Her Last Flight
- Author: Beatriz Williams
- Genre: Historical fiction
- Publisher: William Morrow and Company
- Publication date: June 30, 2020
- ISBN: 9780062834782

= Her Last Flight =

2020 historical novel by Beatriz Williams

Her Last Flight is a 2020 historical novel by Beatriz Williams.

== Reception ==
Her Last Flight was generally well received by critics, including a starred review from Publishers Weekly, who wrote, "Williams builds irresistible tension with the alternating timelines as the fate of Irene and Sam unfolds with shrewd twists and turns that build to an unexpected jolt. Williams's fans will devour this meaty tale."

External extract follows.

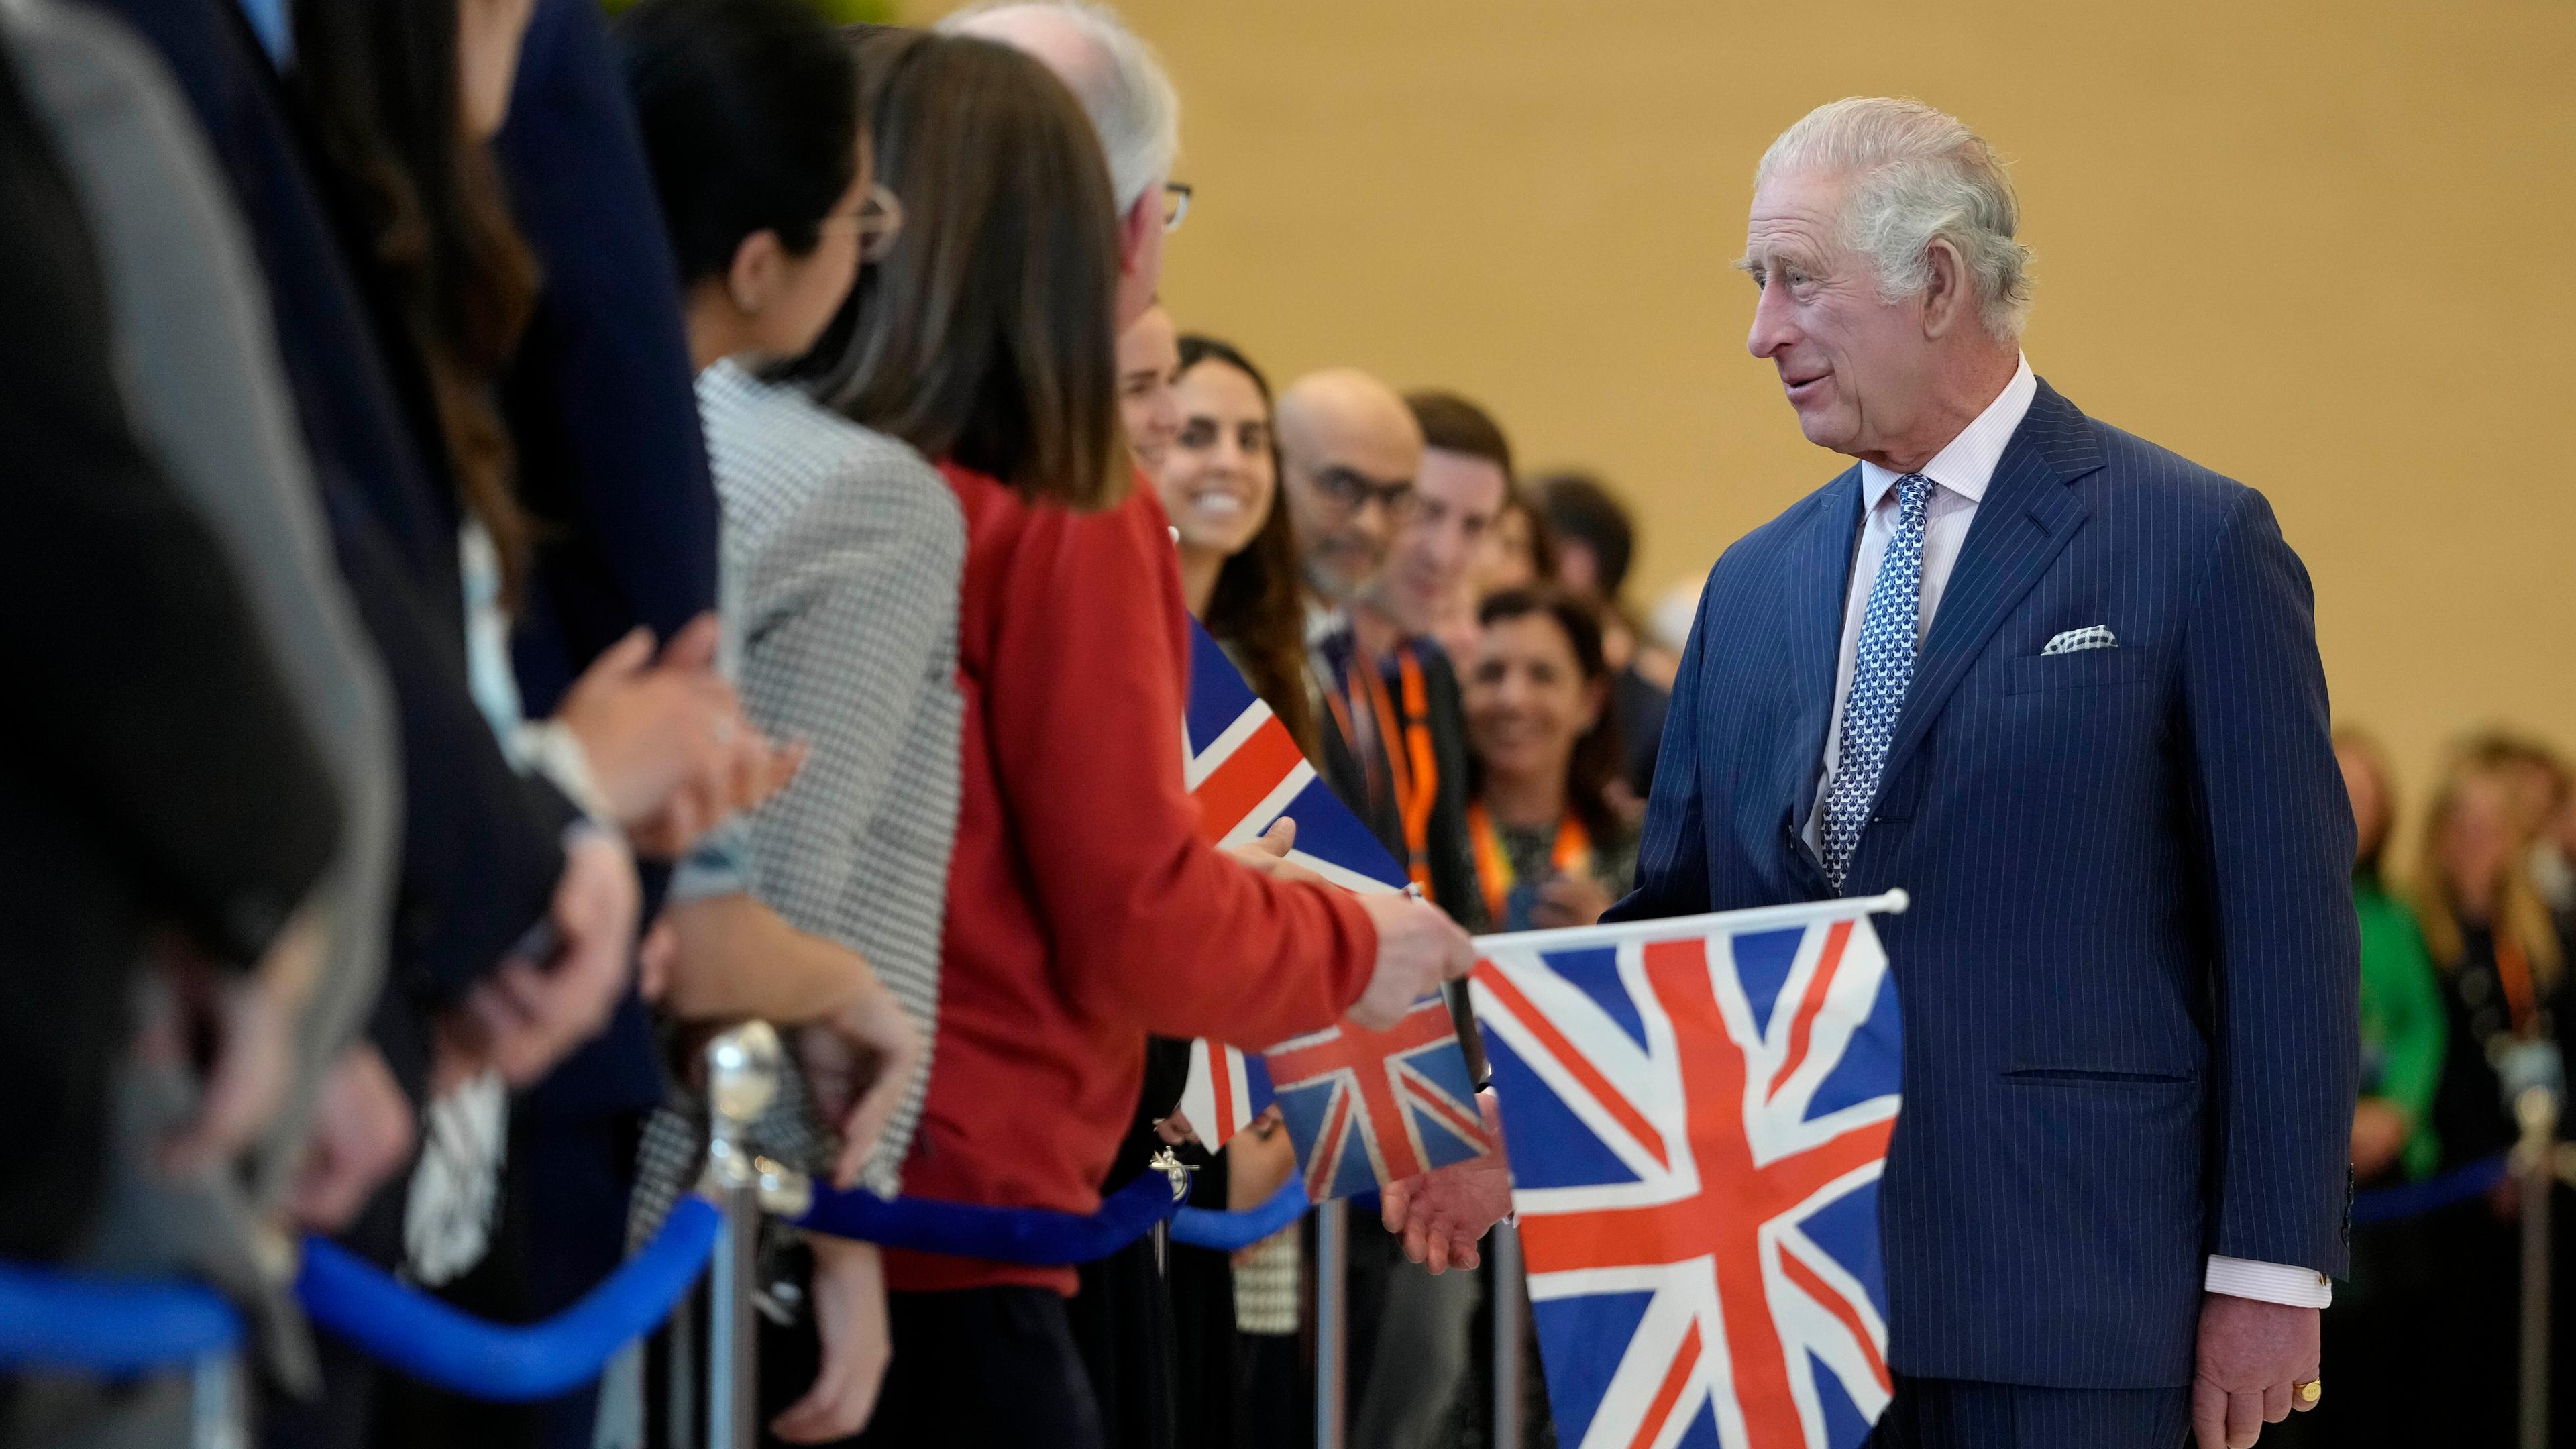 König Charles III. begrüßt Fans während eines Besuchs in Brüssel.

Mike Farris, writing for The New York Journal of Books, wrote that Williams is "a master of the historical fiction genre," proven by this work, among her others. Farris explained, "Williams deftly weaves a story that spans multiple time periods and multiple points of view, with strategically placed surprises that readers will not soon forget." Farris concluded by saying, "Williams deftly fits together the characters, stories, and themes that the narrative services into a cohesive whole. The pieces all align perfectly, and she has shaped them together brilliantly. Her Last Flight is a gem of a book."

Kirkus Reviews provided a mixed review, calling Her Last Flight "an inventive if imperfect solution to a decades-old mystery." They explained, "Williams' otherwise imaginative novel front-loads a lot of exposition [...] The action is significantly slowed by technical details about surfing and flying that are sometimes engrossing but often gratuitous. Only halfway through does tension ramp up as Irene and Sam contemplate a future together and confront a giant impediment [...] Plenty of twists ensue, but by now readers may have lost patience. Williams has a fine ear for period-appropriate dialogue, leading us to wonder why there isn't more of it."